Mr Aird believes that even with the RBA likely to raise interest rates once again next week, these things will likely keep upward pressure on property prices.

"We expect the underlying demand for housing to remain firm against a backdrop of constrained supply and strong rental growth," he said.

Eleanor Creagh, Senior Economist at PropTrack, which also released its home value index today, agrees that the end of the year and 2024 will likely see prices keep going up.

"Despite a weaker outlook for the economy, population growth is rebounding strongly and this looks set to
continue," she said.

"Interest rates may rise further, but they are likely close to, if not at, their peak. Together with a shortage of new home builds and challenging conditions in the rental market, home prices are expected to rise further."

Any hope for buyers?

Economists predicting how the market would go in 2023 were mostly wrong, so it isn't a certainty prices will keep going up.

The rate of growth for property prices has slowed, with capital city values rising 3.6% over the June quarter compared to 2.6% over the three months to October.

As Mr Lawless points out, some of the supply side constraints that helped keep prices strong look to be easing.

"Total capital city stock on the market has increased by 5.1% since the start of spring, a clear indication that buyer demand isn’t keeping pace with the flow of new listings," he explained.

One of the big factors thought to be driving prices up was the low level of listings, far below average levels.

Mr Lawless and other analysts proposed this was because Australian homeowners who saw prices drop dramatically through 2022 decided to hold off on selling.
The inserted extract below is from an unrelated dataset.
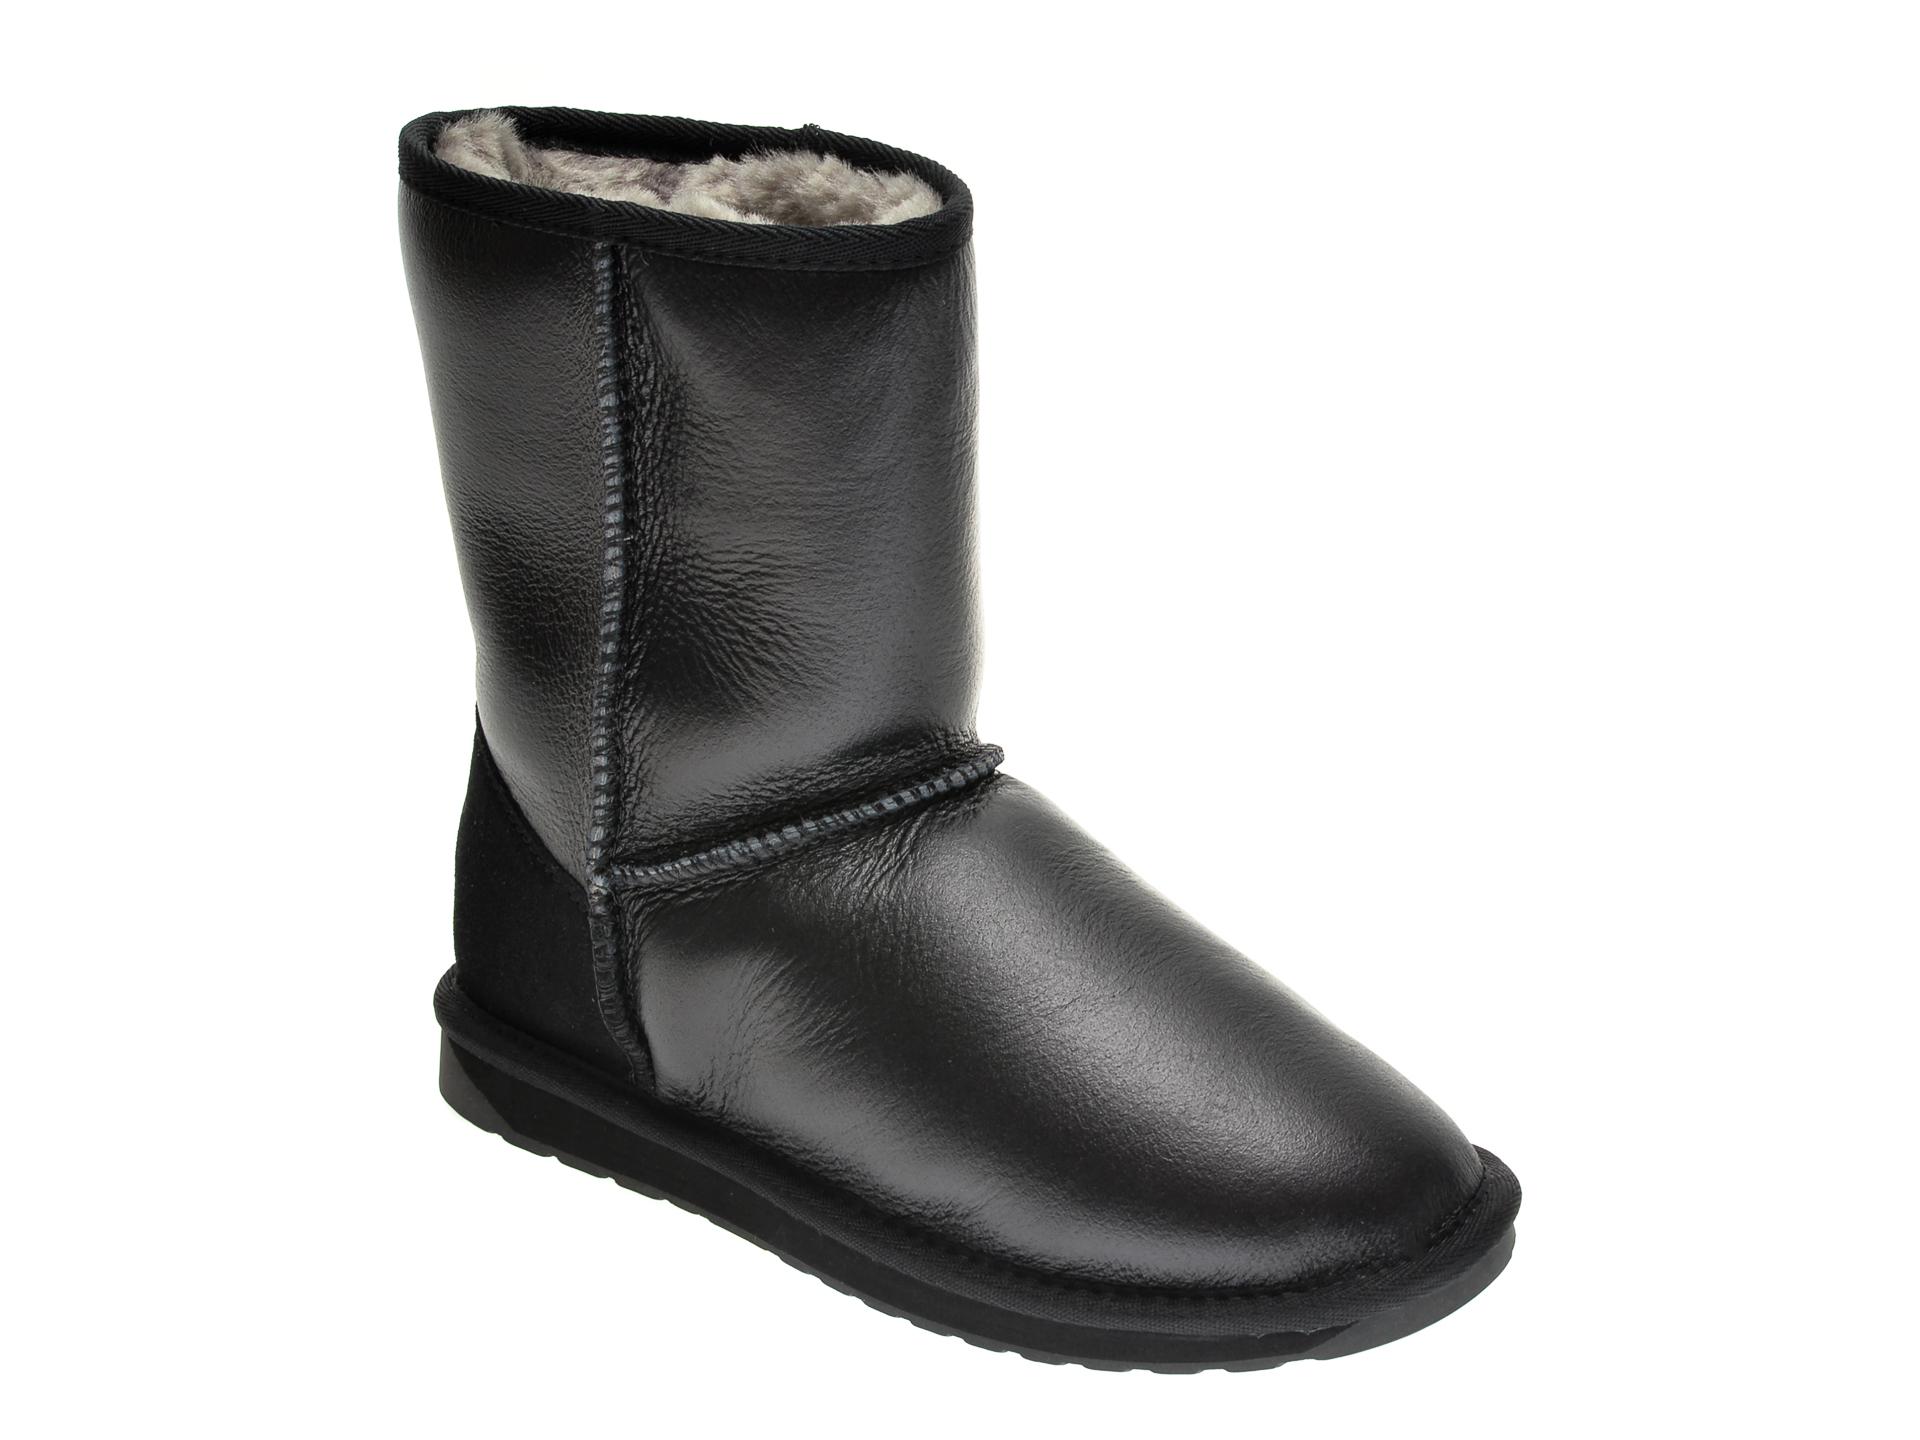 Ghete EMU negre, W10715, din piele naturala imagine otter.ro

Now though, with prices having almost completely recovered, selling activity could be set to ramp back up again, which could help address the demand/supply imbalance driving prices up, especially if further cash rate increases curb demand.

However, Mr Lawless acknowledged the other factors that could continue to prop up demand, highlighting low construction levels and the spillover from exorbitant rental rates, like Mr Aird and Ms Creagh also opined.

He also said distressed selling, one of the reasons high interest rates can bring property prices down, looks to not be a major issue.

"Labour markets have loosened a little, but with unemployment expected to remain well below the long run average, it’s unlikely mortgage defaults or distressed home sales will rise materially," Mr Lawless said.